Le coût d'une maison est de 1300 dollars et, l'année dernière, nous avons attribué la somme d’environ 1,5 million de dollars à ce programme. Cette année, ce sera environ 2,5 millions de dollars.
Que répondez-vous aux critiques craignant que cette nouvelle approche ne conduise à ignorer les personnes vulnérables ?
Je pense qu'il est très important d'être très attentif aux critiques. Nous avons un système au HCR qui se concentre sur les personnes les plus vulnérables. Ce que nous disons maintenant, c'est que nous continuerons de nous concentrer sur les personnes vulnérables et, en plus de cela, nous fournirons également un soutien aux personnes qui ne sont pas nécessairement vulnérables, mais qui pourraient encore améliorer leur vie si nous les aidions.
En fin de compte, je pense que nous devrions tous essayer d'aider les réfugiés à mener une vie normale. Même certains de ceux qui critiquent les nouvelles approches sont également soucieux de s'assurer que les réfugiés puissent tous exercer leurs droits et retrouver le cours de leur vie.

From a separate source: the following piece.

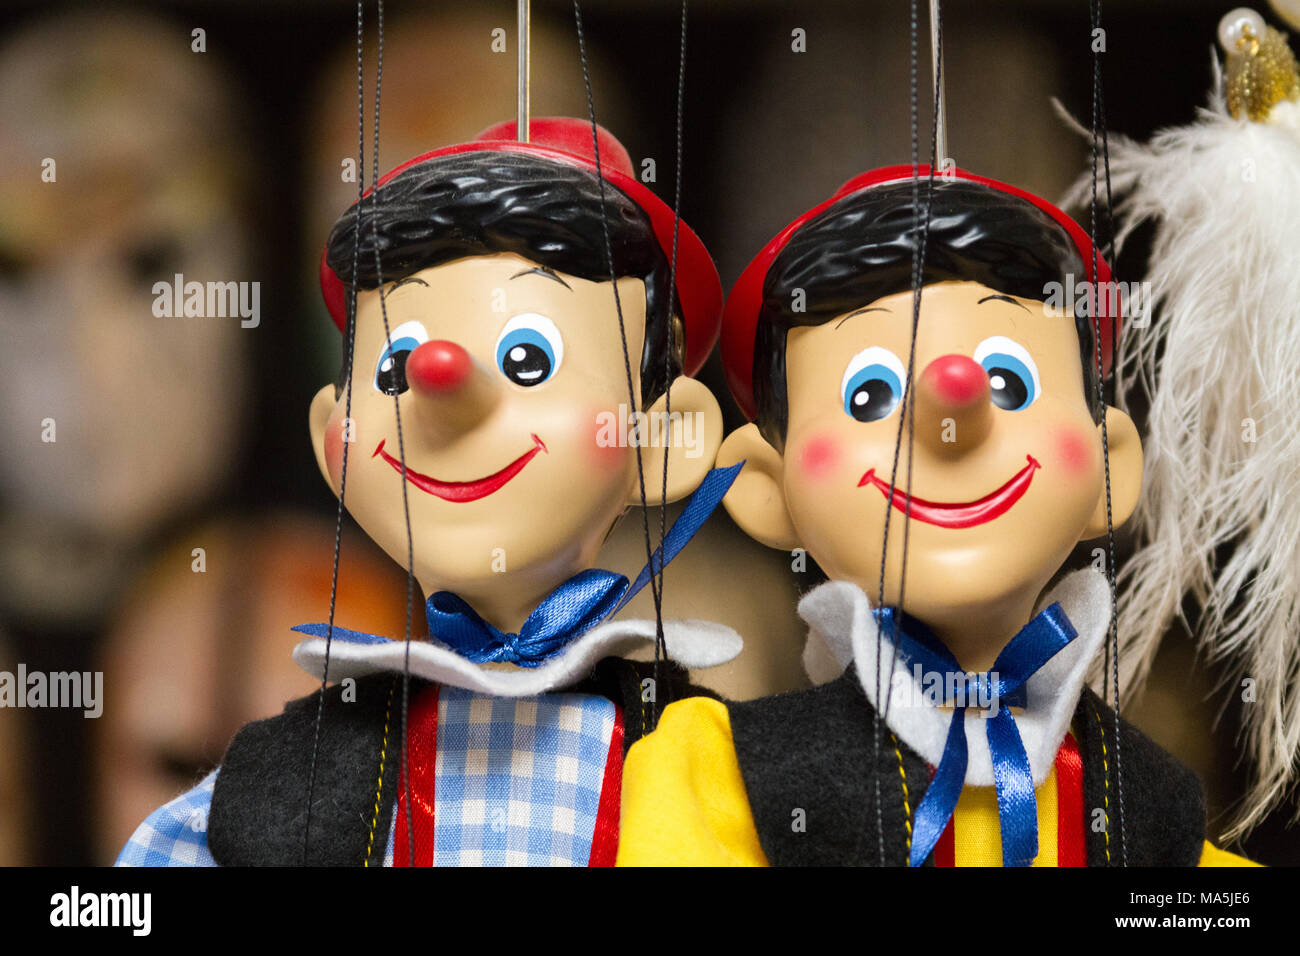 Venezia (Venedig), Italien. 2. Februar 2018. Pinocchio Marionette auf Strings in einem Laden. Stockfoto
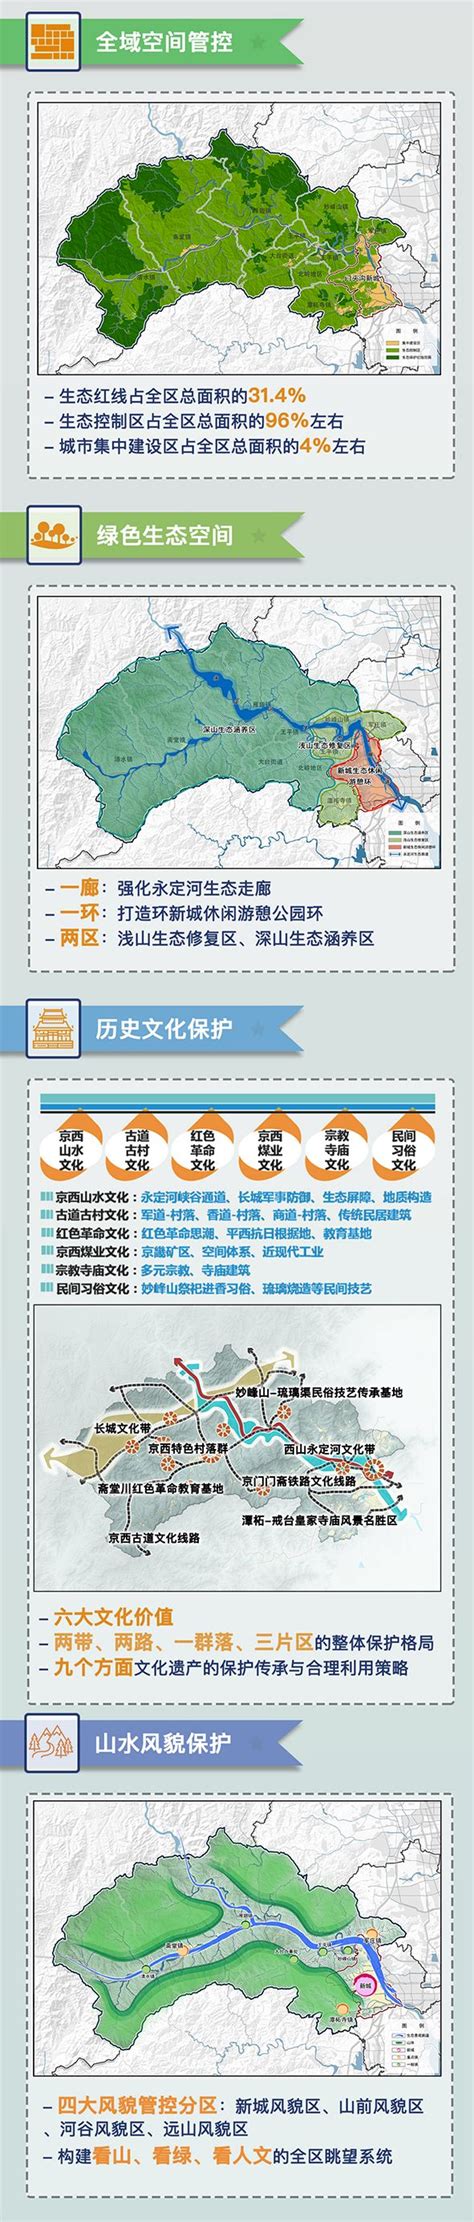 《门头沟分区规划（2017年—2035年）》草案提建议渠道- 北京本地宝

A la lumière de vos nouvelles fonctions de chef du bureau pour l'Afrique, en quoi la situation des réfugiés sera-t-elle différente dans cinq à dix ans grâce à cette nouvelle approche ?
J'espère que les réfugiés auront pu contribuer au développement économique des territoires qui les ont accueillis. Et j'espère que les régions qui accueillent des réfugiés pourront trouver des ressources supplémentaires pour le développement économique et celui des infrastructures, comme les nouveaux financements (prêts de nature concessionnelle ou dons) que la Banque mondiale met à la disposition des pays d’accueil de réfugiés (comme IDA-18) ou grâce à des investissements du secteur privé.
J'espère que nous aurons un plus grand pourcentage de réfugiés qui seront autonomes, et un plus petit pourcentage de ceux qui auront besoin d'aide humanitaire et que nous pourrons mieux utiliser cette aide limitée.
Nous pouvons soutenir les espoirs, les aspirations et les rêves de personnes qui peuvent continuer à grandir pendant leur exil et être mieux préparées pour le retour dans leur pays d'origine lorsqu'elles le pourront et sa reconstruction.
Quel est l’anniversaire clé pour l'Afrique en 2019 et pourquoi est-ce important ?
C'est le 50e anniversaire de la Convention de l'OUA sur les réfugiés - un instrument de droit international très progressiste et positif. C’est l’occasion de réfléchir et de discuter de la manière dont la convention a été appliquée et ce que nous pouvons améliorer.
La convention a été élaborée à la fin des années 1960, lorsque le contexte pour les réfugiés était très différent de ce qu'il est aujourd'hui. A cette même époque, je pense que l'on s'attendait à ce que les conflits ne durent pas et à ce que les réfugiés rentrent rapidement chez eux. Malheureusement, cela n'a pas été le cas. Une fois que vous êtes dans un pays pour cinq, dix ou vingt ans, vous devez voir les choses différemment. Nous devons donc nous intéresser - bien davantage que par le passé - au développement économique et à l'inclusion socio-économique.
L'Afrique reste très accueillante. C'est le continent où il y a le plus grand nombre de réfugiés, donc c'est un espace où nous pouvons et devons réfléchir à la façon d’améliorer notre action. Notre action doit se concentrer pour lutter contre les causes profondes, et pas seulement leurs conséquences.
Et pour ceux qui expriment des inquiétudes à l’égard des niveaux élevés de chômage local ou de l’insécurité par exemple, nous devons montrer qu'il existe des contextes où les réfugiés peuvent réellement créer des emplois et que les technologies actuelles peuvent garantir un enregistrement approprié pour protéger les réfugiés et la population locale qui les accueille.